SOURCE INFORMATION Start Marker

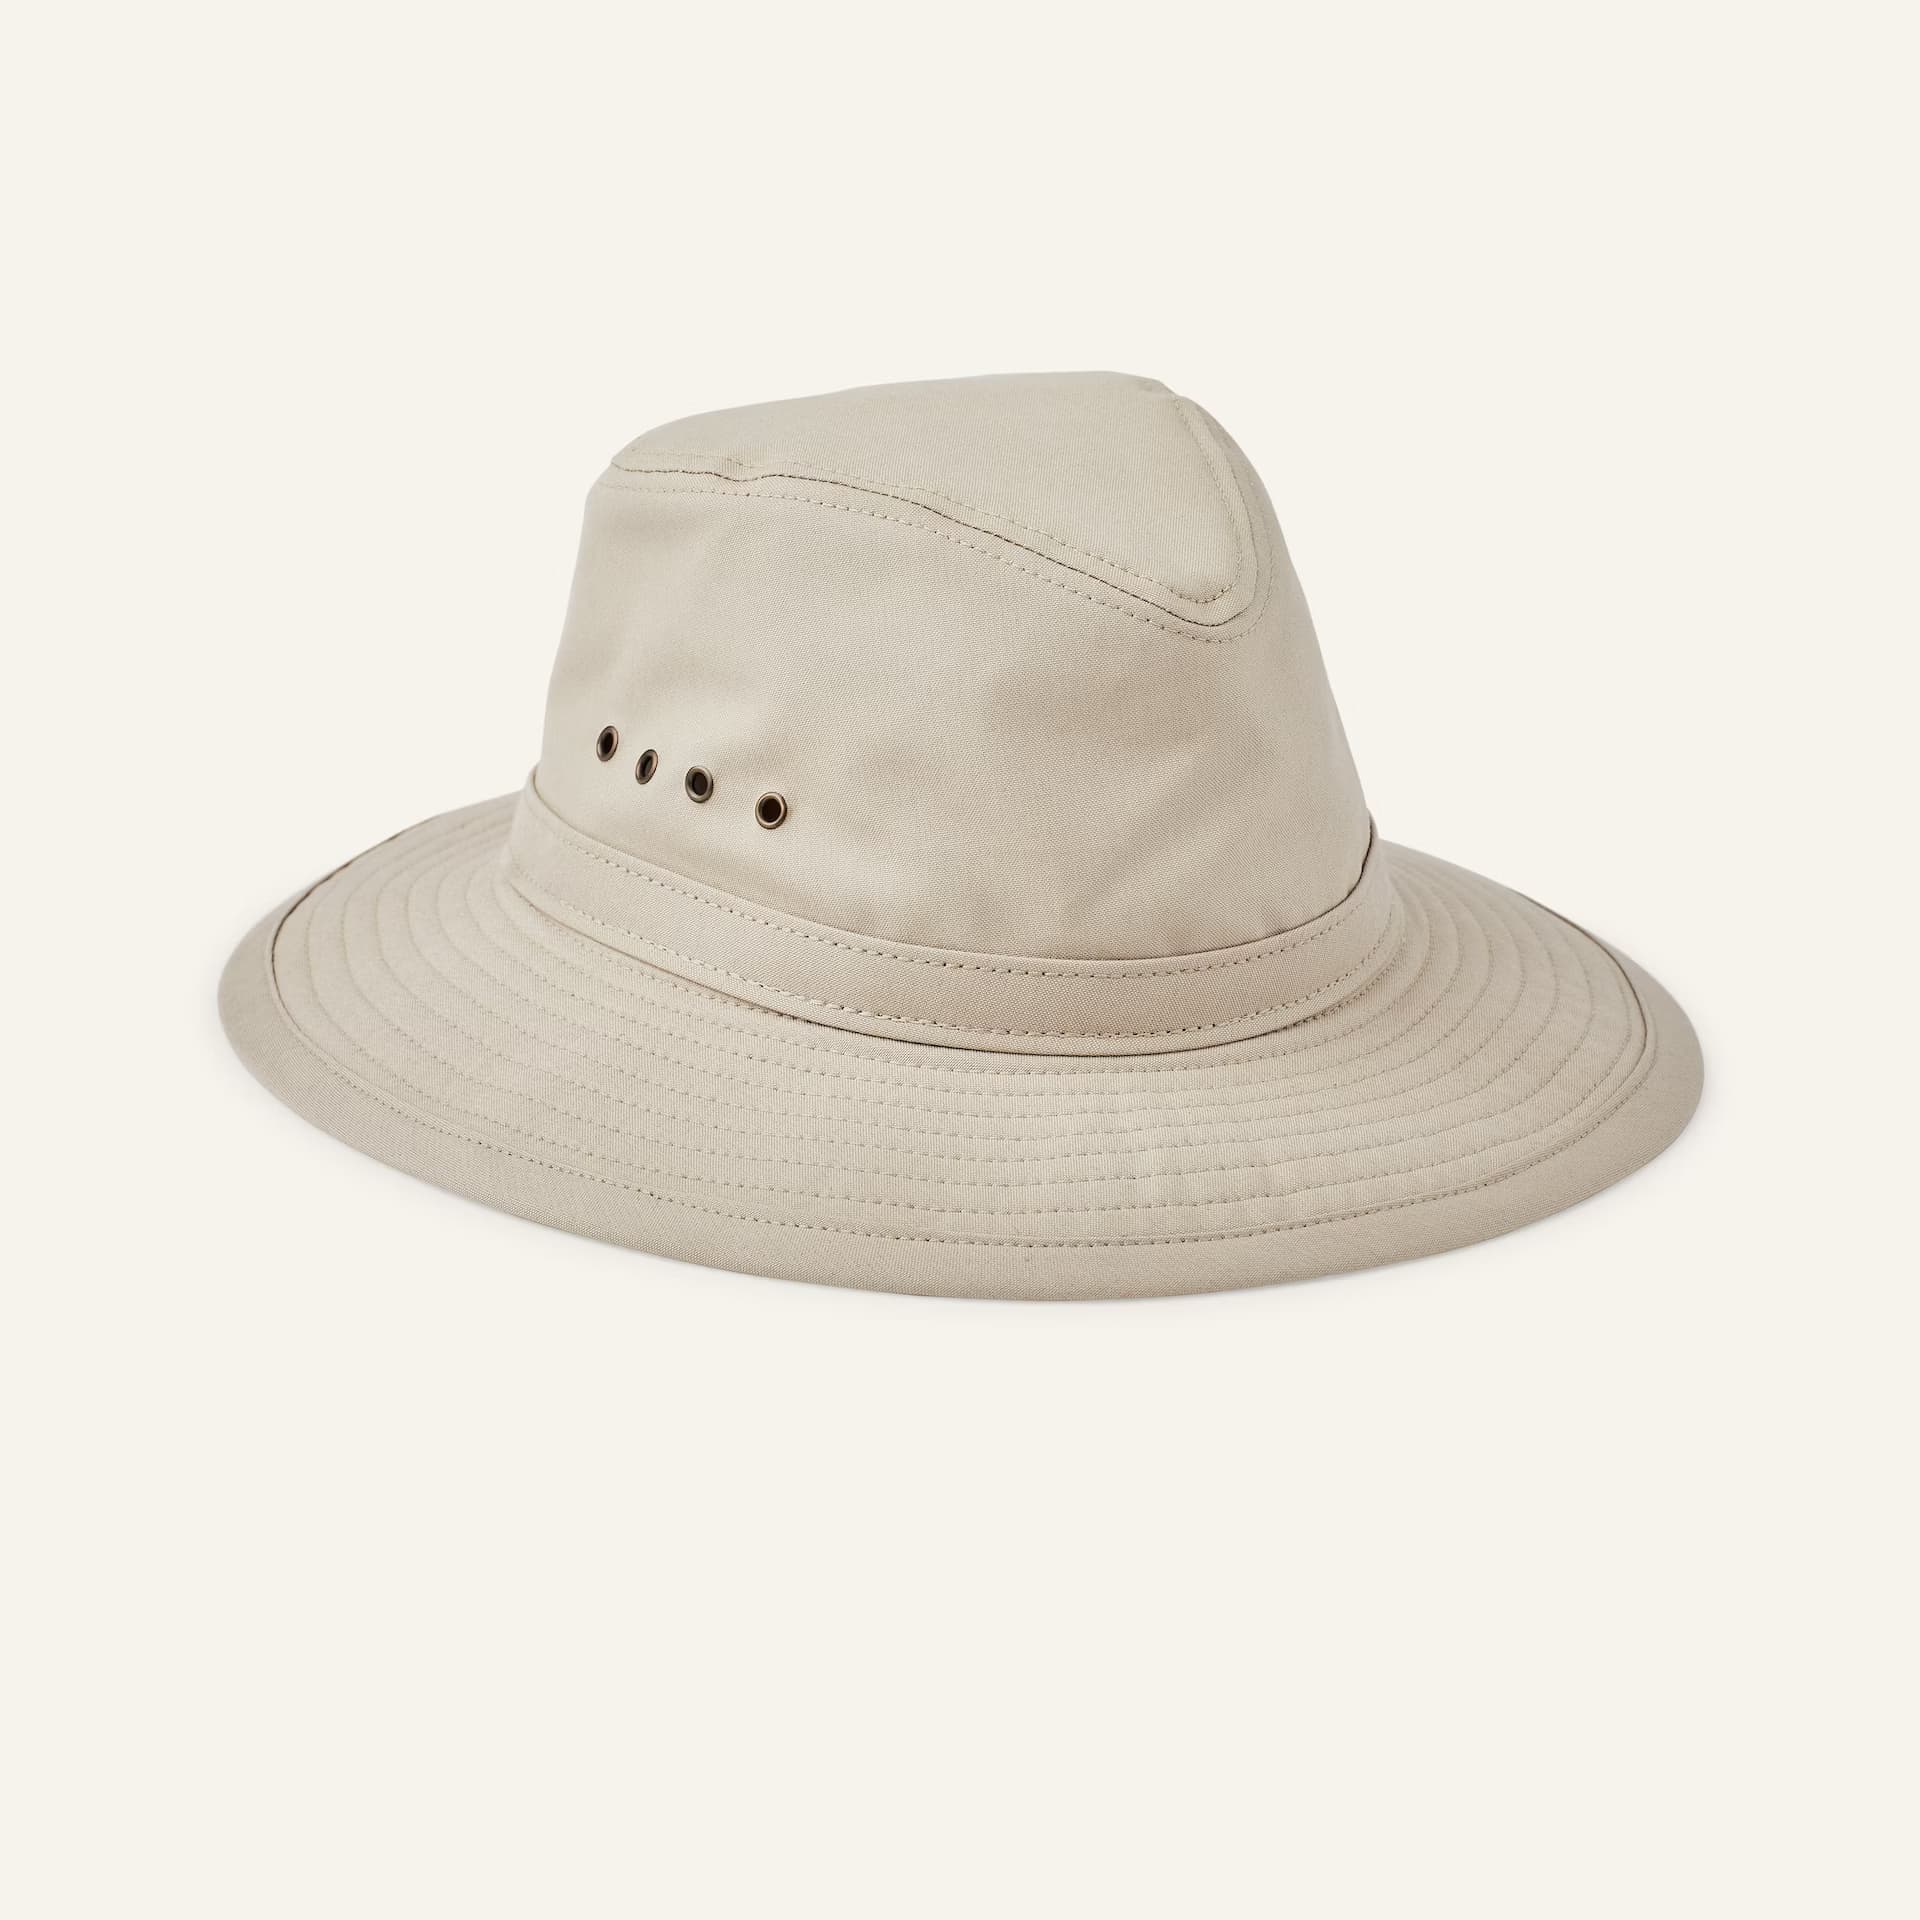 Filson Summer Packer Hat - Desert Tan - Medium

SOURCE INFORMATION End Marker
SOURCE INFORMATION Start Marker

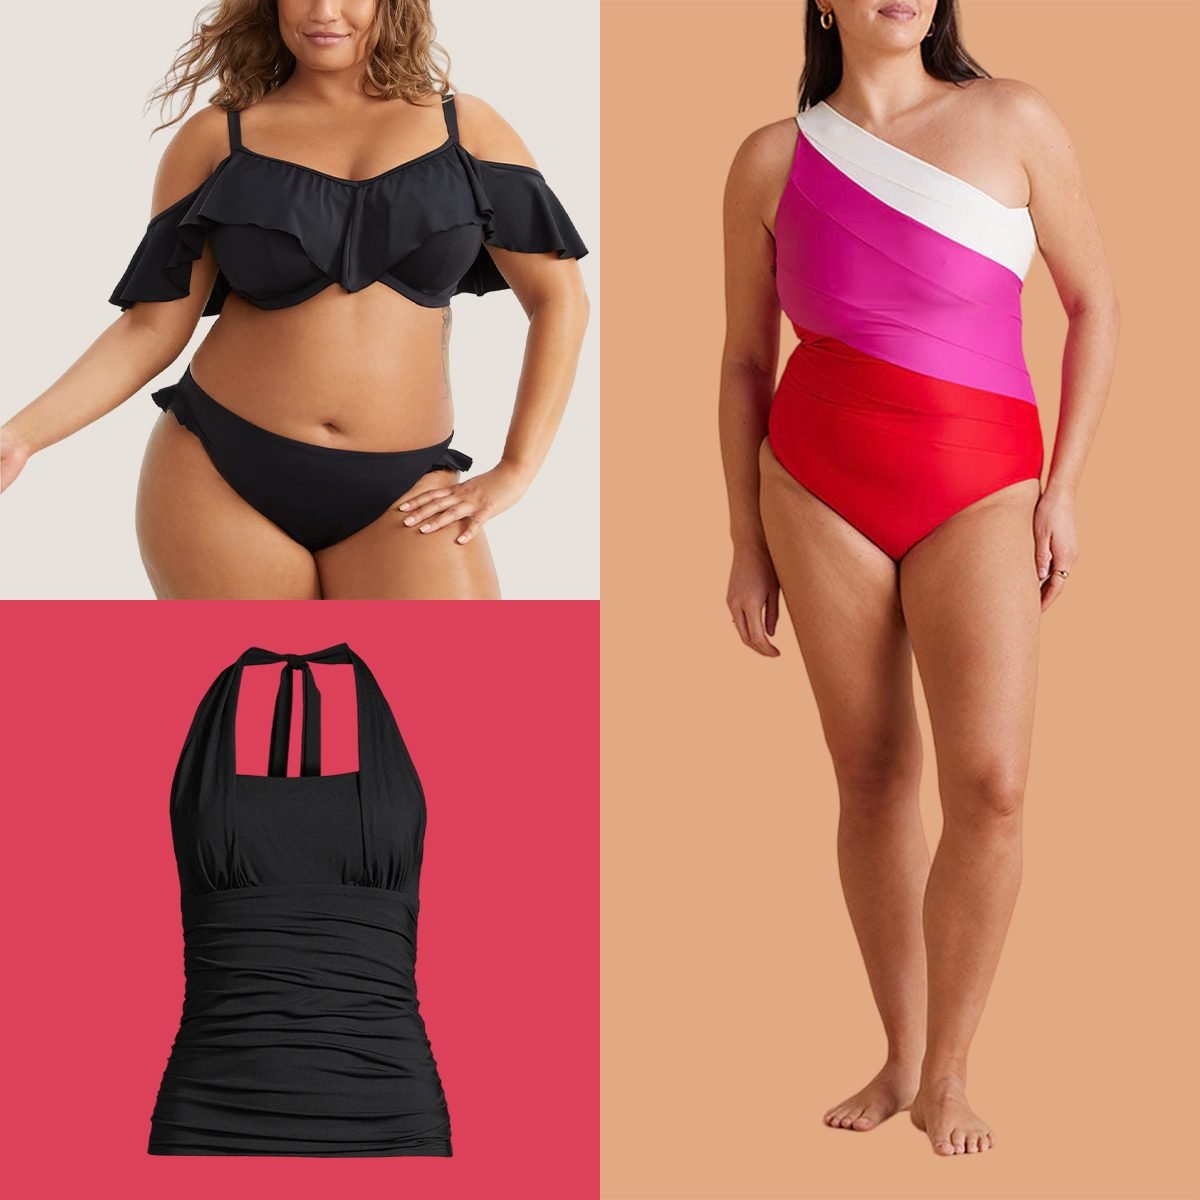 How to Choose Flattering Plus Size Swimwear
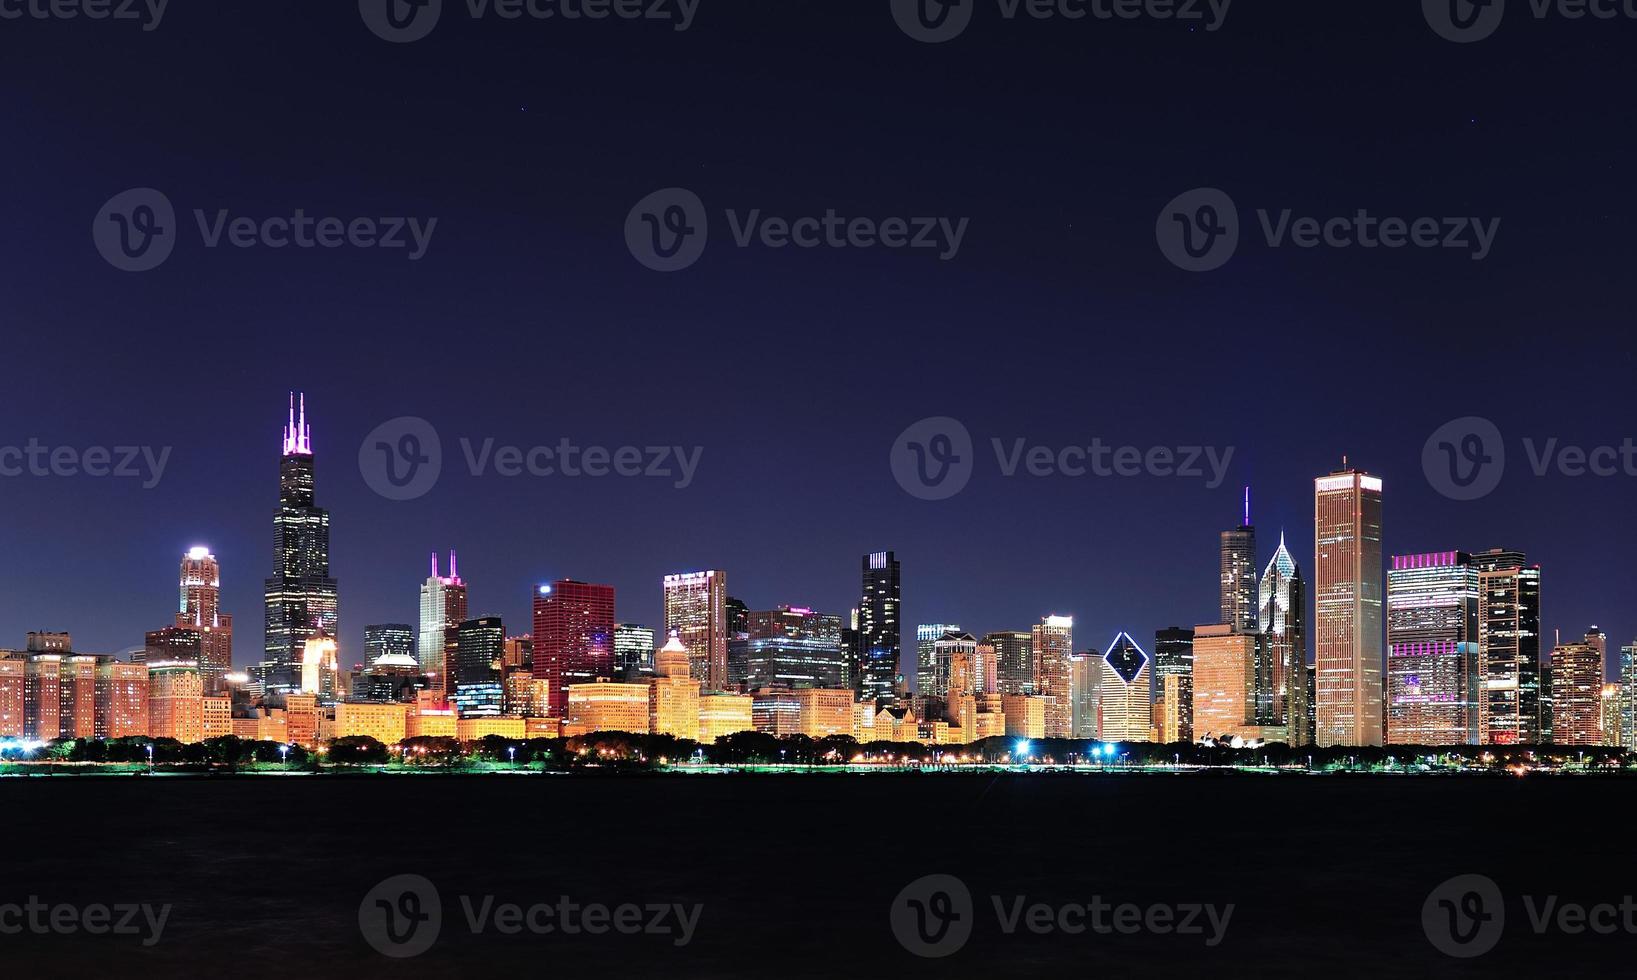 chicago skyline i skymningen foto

SOURCE INFORMATION End Marker

All that is wanted is the lines above between the one containing "How to Choose Flattering Plus Size Swimwear" and the one containing "chicago skyline i skymningen foto", inclusive, restated word for word, with pictures omitted.

 How to Choose Flattering Plus Size Swimwear
 chicago skyline i skymningen foto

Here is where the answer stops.